#### [What is required]
What you return must match, exactly, the lines running from the one containing "Midcentury French Riviera" to the end of the data, both included, and must contain no pictures.

#### [Collected data]
○ ○ ○ ○ ○ ○ ○

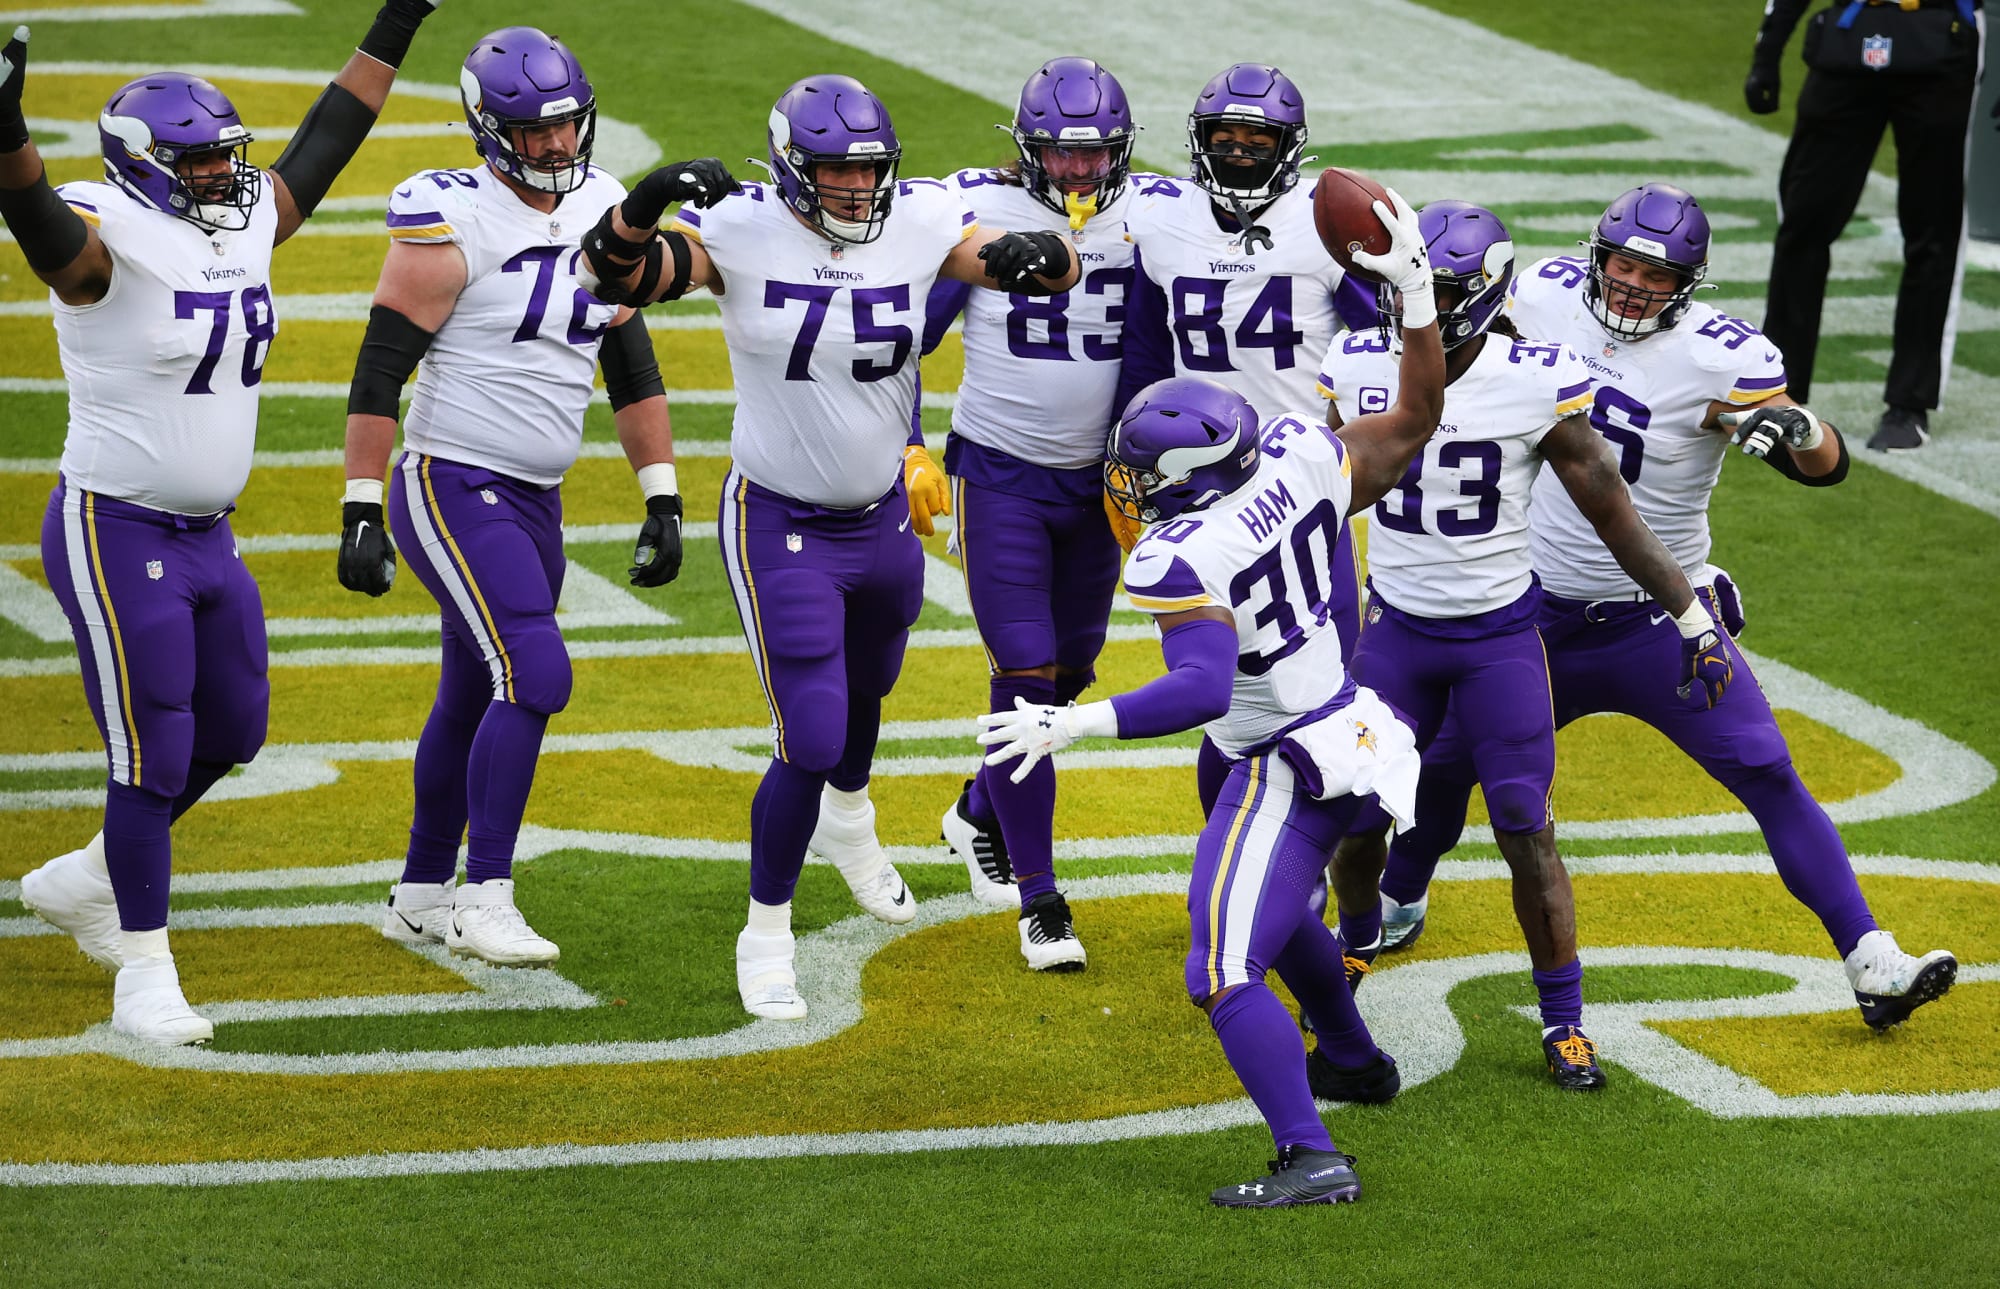 What are the Vikings playoff chances after beating the Packers?
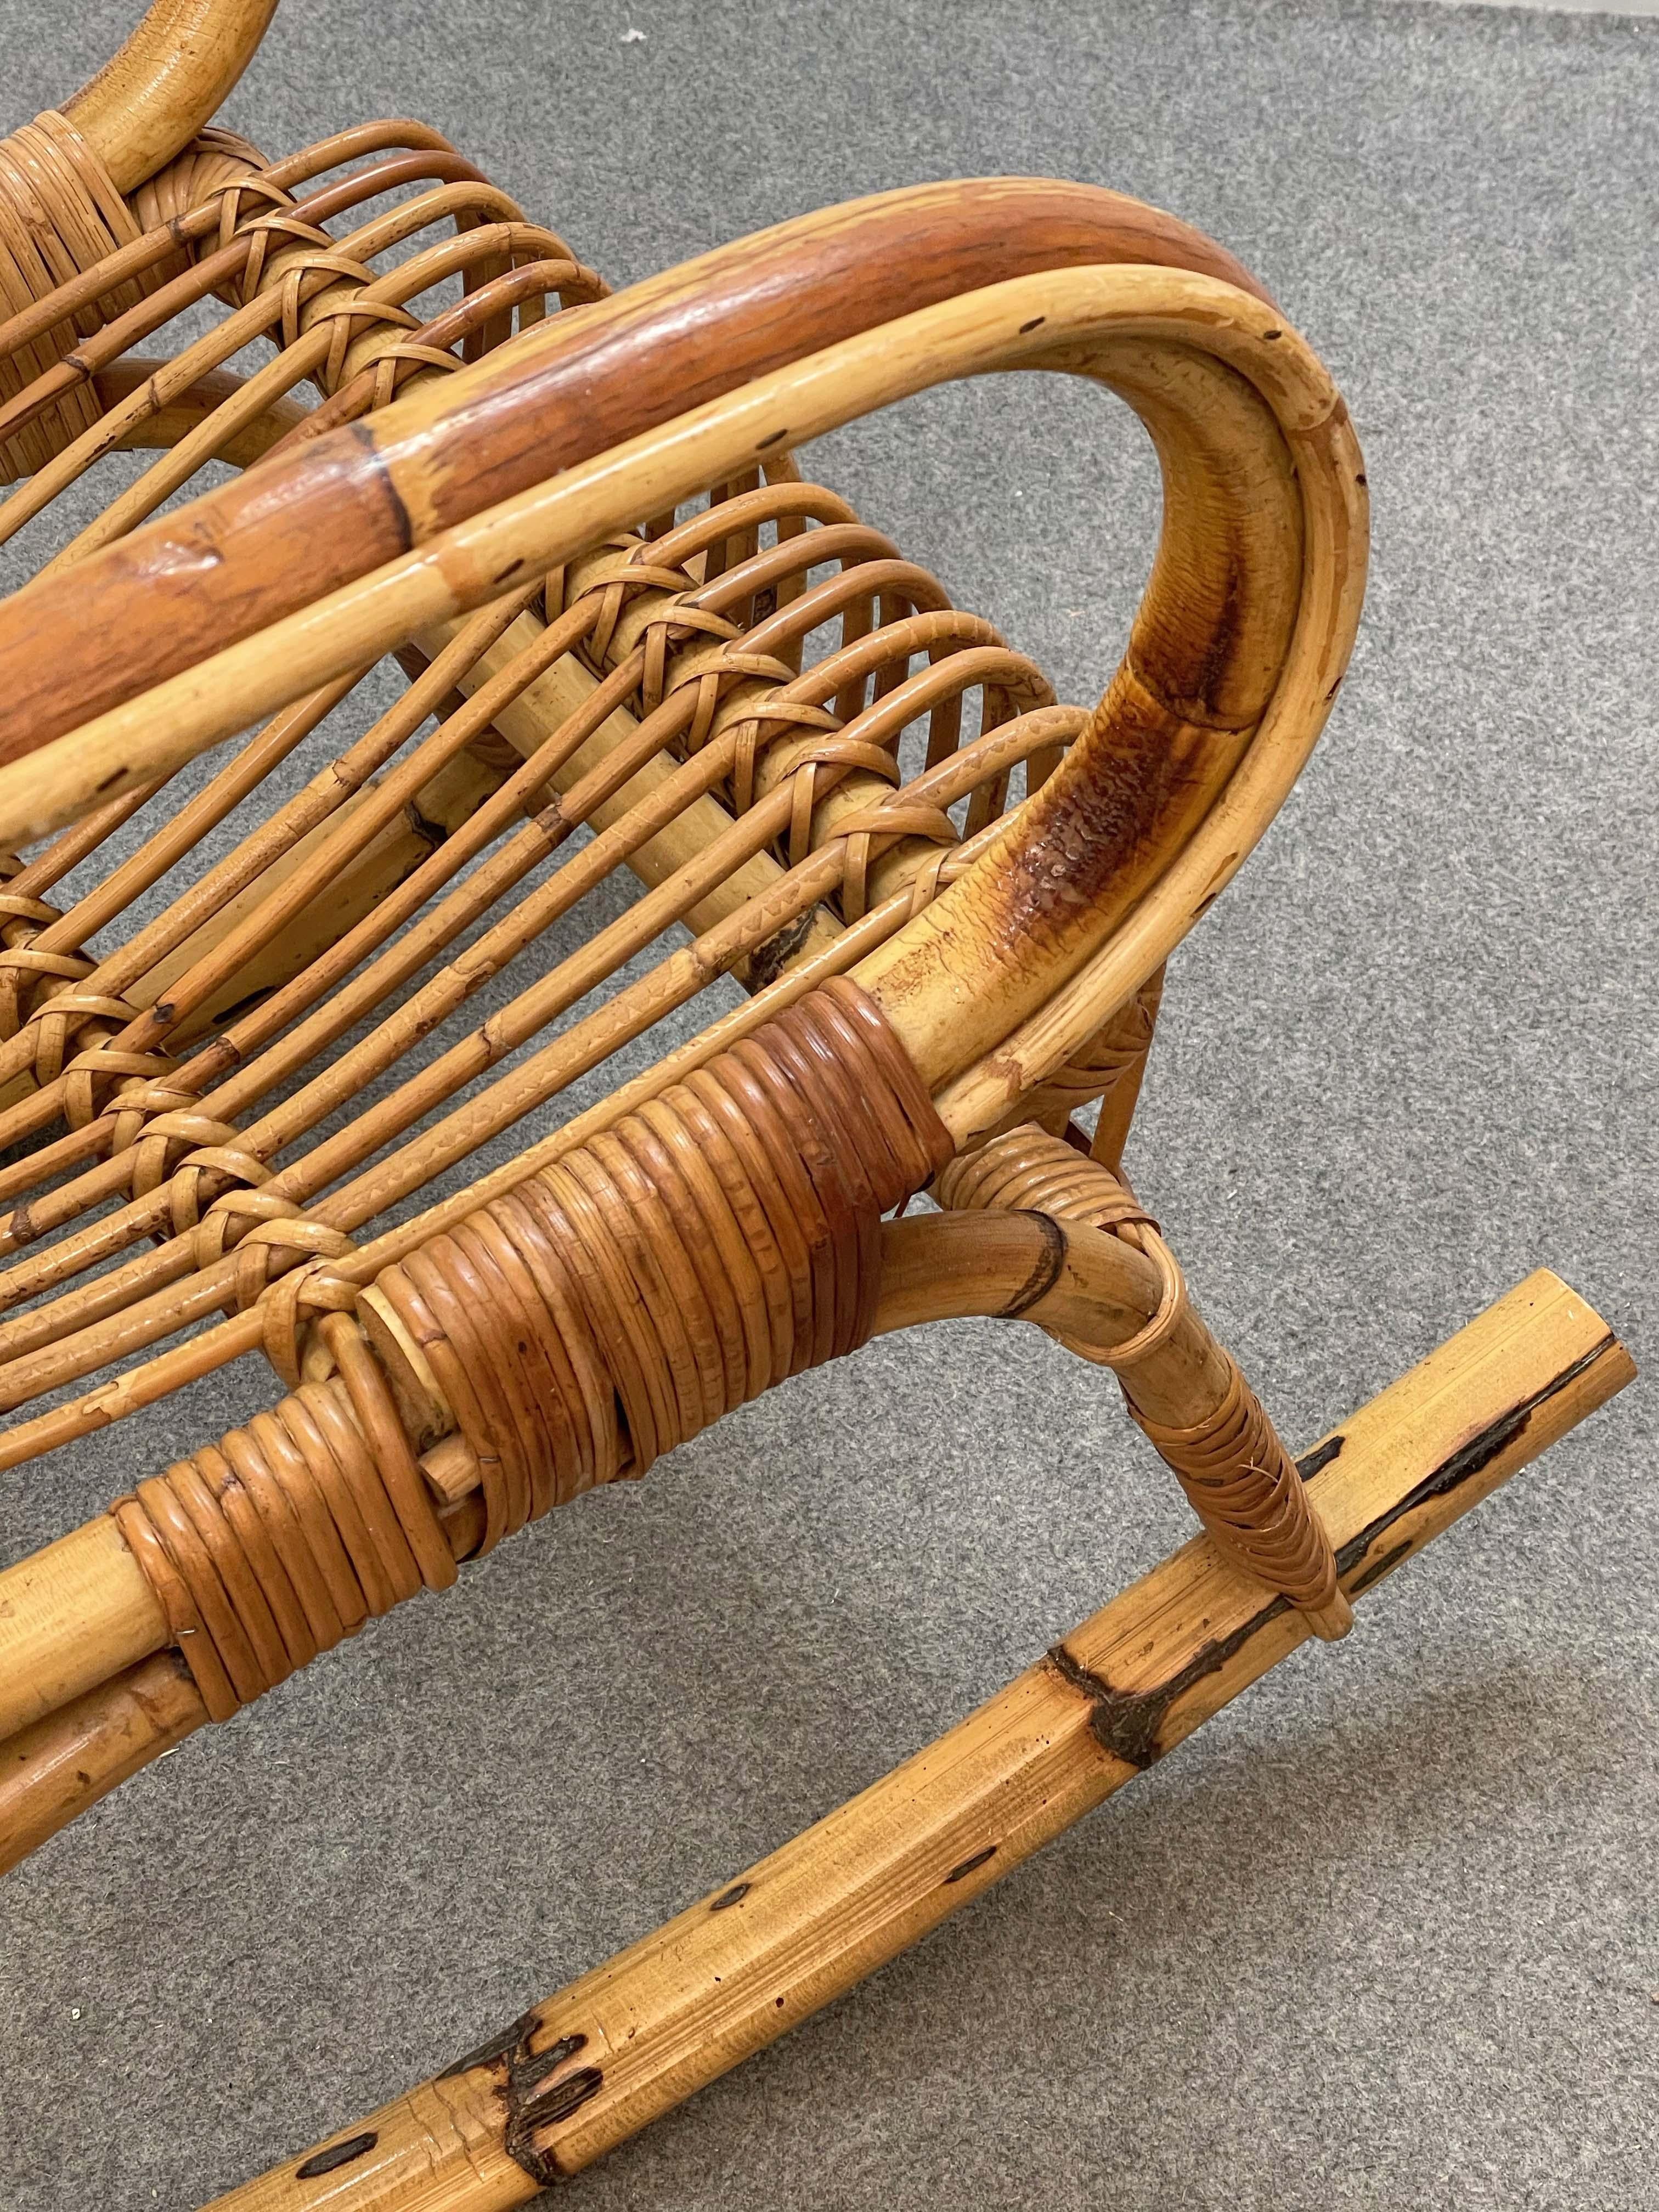 Midcentury French Riviera Rattan and Bamboo Italian Rocking Chair, 1960s For Sale 5
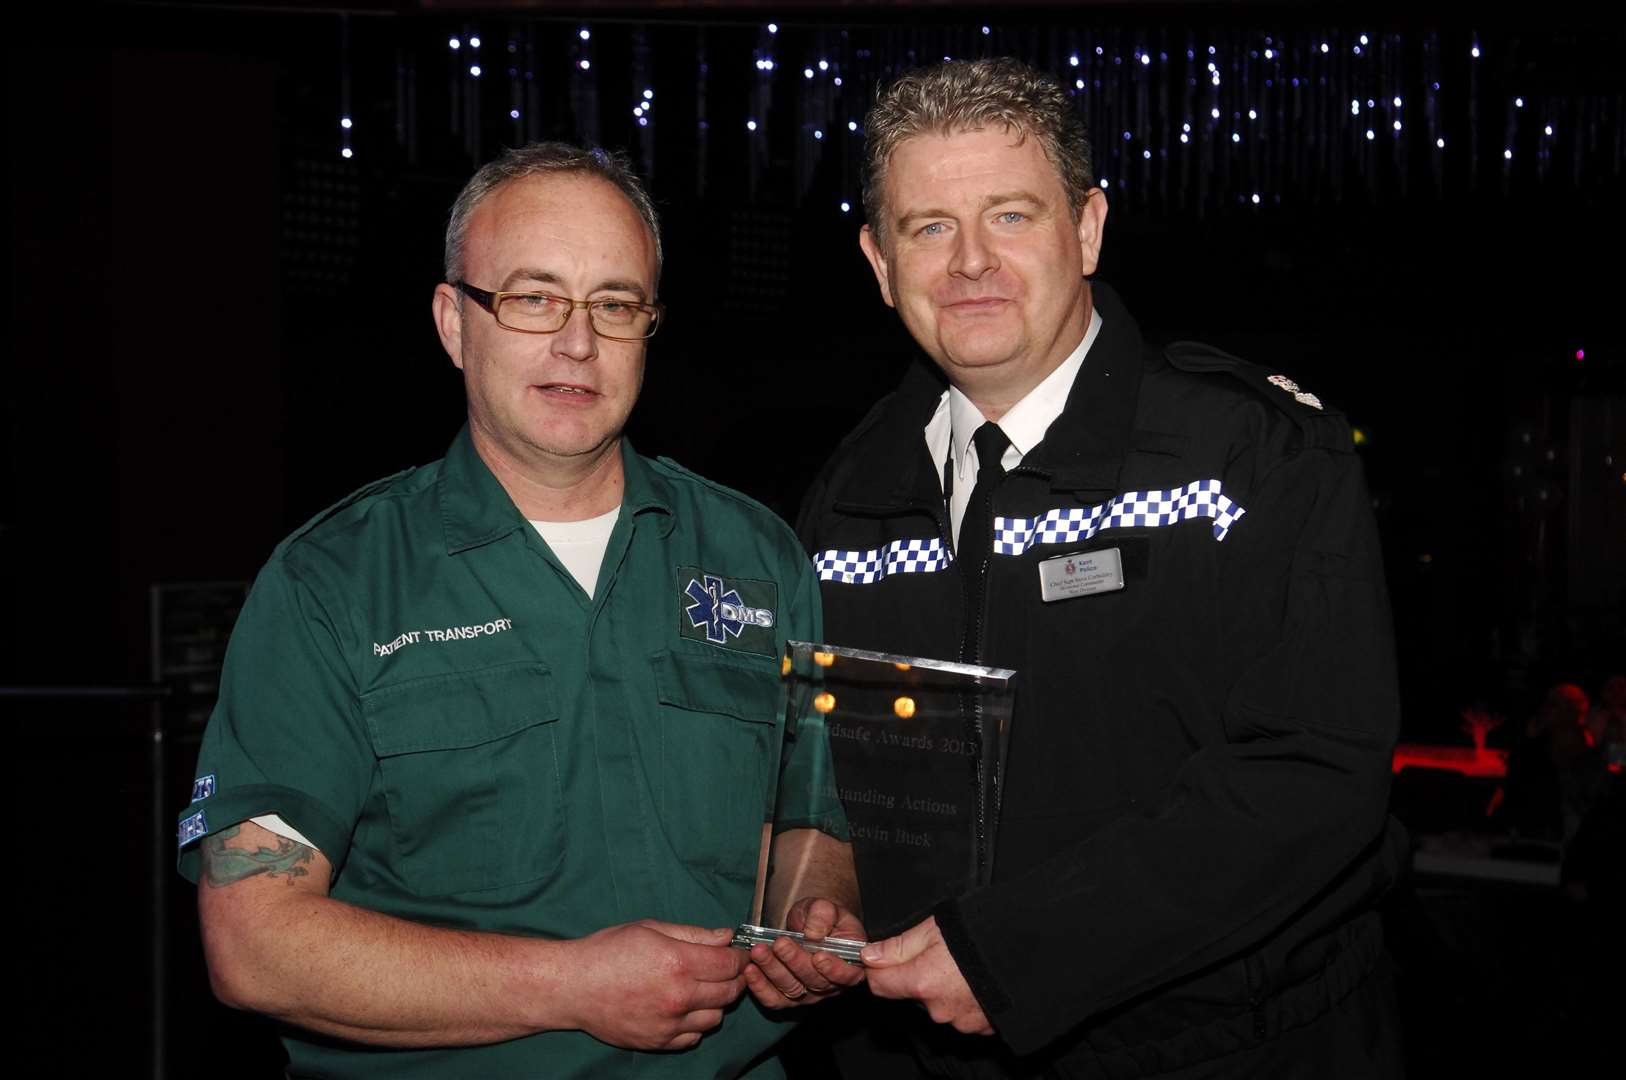 Kevin Buck getting his award from former Chief Supt Corbishley at the Maidsafe Awards Evening in 2014

○ ○ ○ ○ ○ ○ ○

#### [Response to this task]
 Midcentury French Riviera Rattan and Bamboo Italian Rocking Chair, 1960s For Sale 5
 Kevin Buck getting his award from former Chief Supt Corbishley at the Maidsafe Awards Evening in 2014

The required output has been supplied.